ESPR and Digital Product Passports

Use ESPR to understand why DPPs are coming and which product categories the Commission is prioritising first.

Source-backed pageFrameworkReviewed 2 sources
01

What ESPR does

ESPR is the framework for ecodesign requirements for sustainable products. It allows the Commission to set product-specific or horizontal requirements through delegated acts, including requirements to make product information available via a Digital Product Passport.

02

What the first working plan adds

The 2025-2030 working plan names the first priority products and measures: textiles/apparel, furniture, tyres, mattresses, iron and steel, aluminium, repairability, and recycled content and recyclability of electrical and electronic equipment.

03

Why the numbers matter

The working plan says the new final and intermediate products to be regulated account for over EUR 1 trillion in annual EU market sales, including nearly EUR 500 billion in new products in the wider ESPR scope.

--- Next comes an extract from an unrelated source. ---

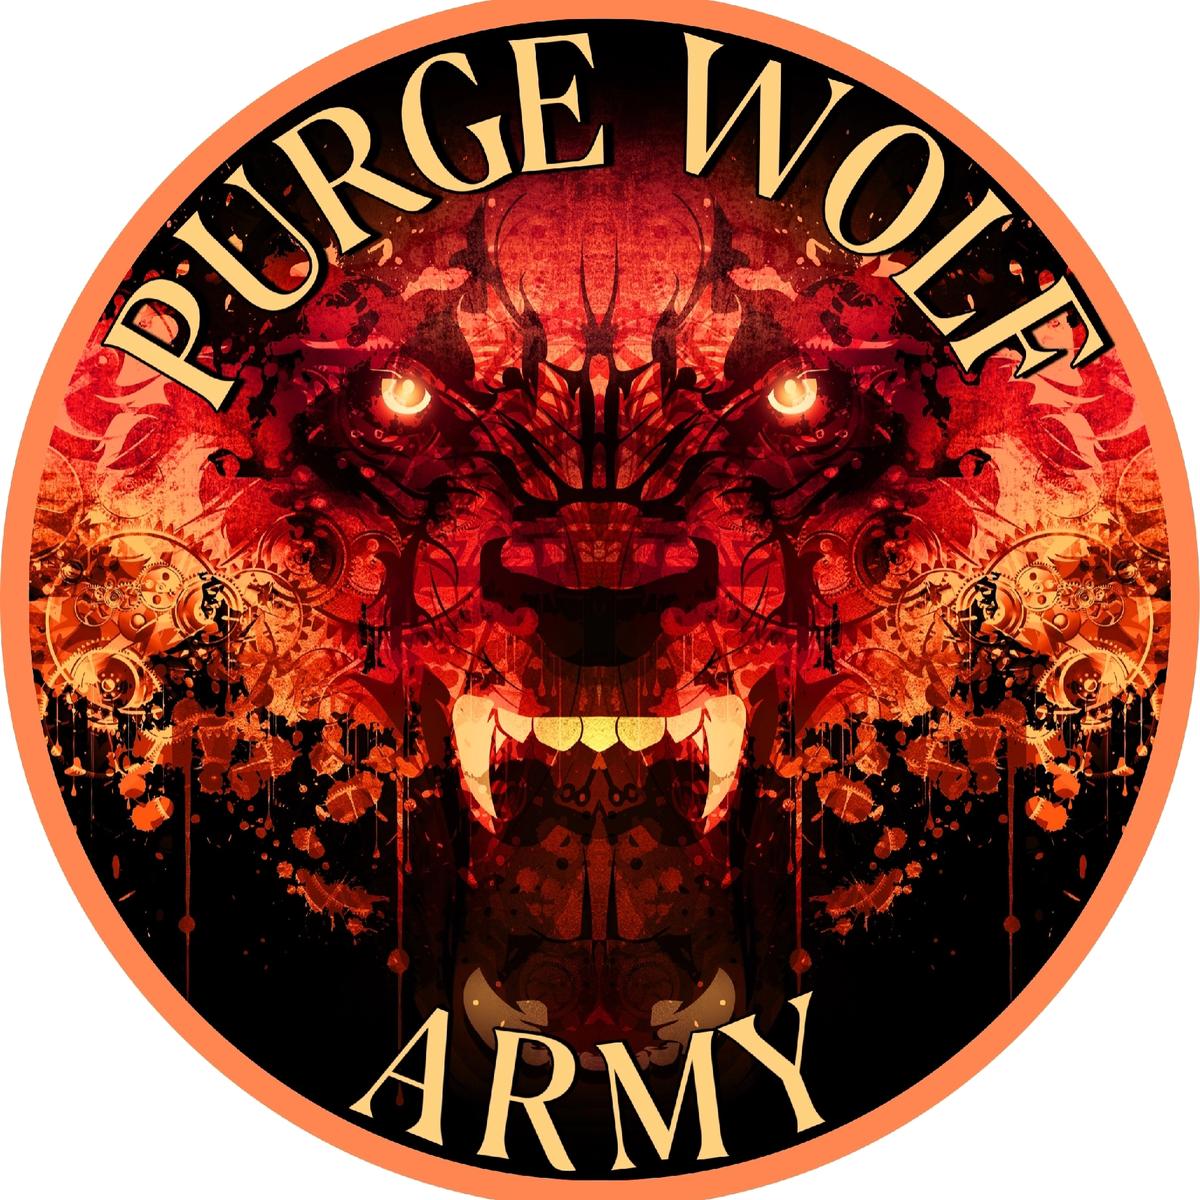 purge_wolf⚔️360's images

  • The same source estimates these products account for around 31% of climate-change impacts in the EU consumption basket.
  • It also estimates around 34% of fossil-resource-use impacts for that basket.
  • Those are policy-scale numbers, not revenue forecasts for any individual business.
04

The important caution

A working-plan year is an indicative timeline for adoption of a measure. It should not be rewritten as a universal business deadline unless the final delegated act says so.

05

Practical reading order

Use the ESPR for the framework, the working plan for category prioritisation, the delegated act for actual product obligations, and the vendor contract only after those first three layers are understood.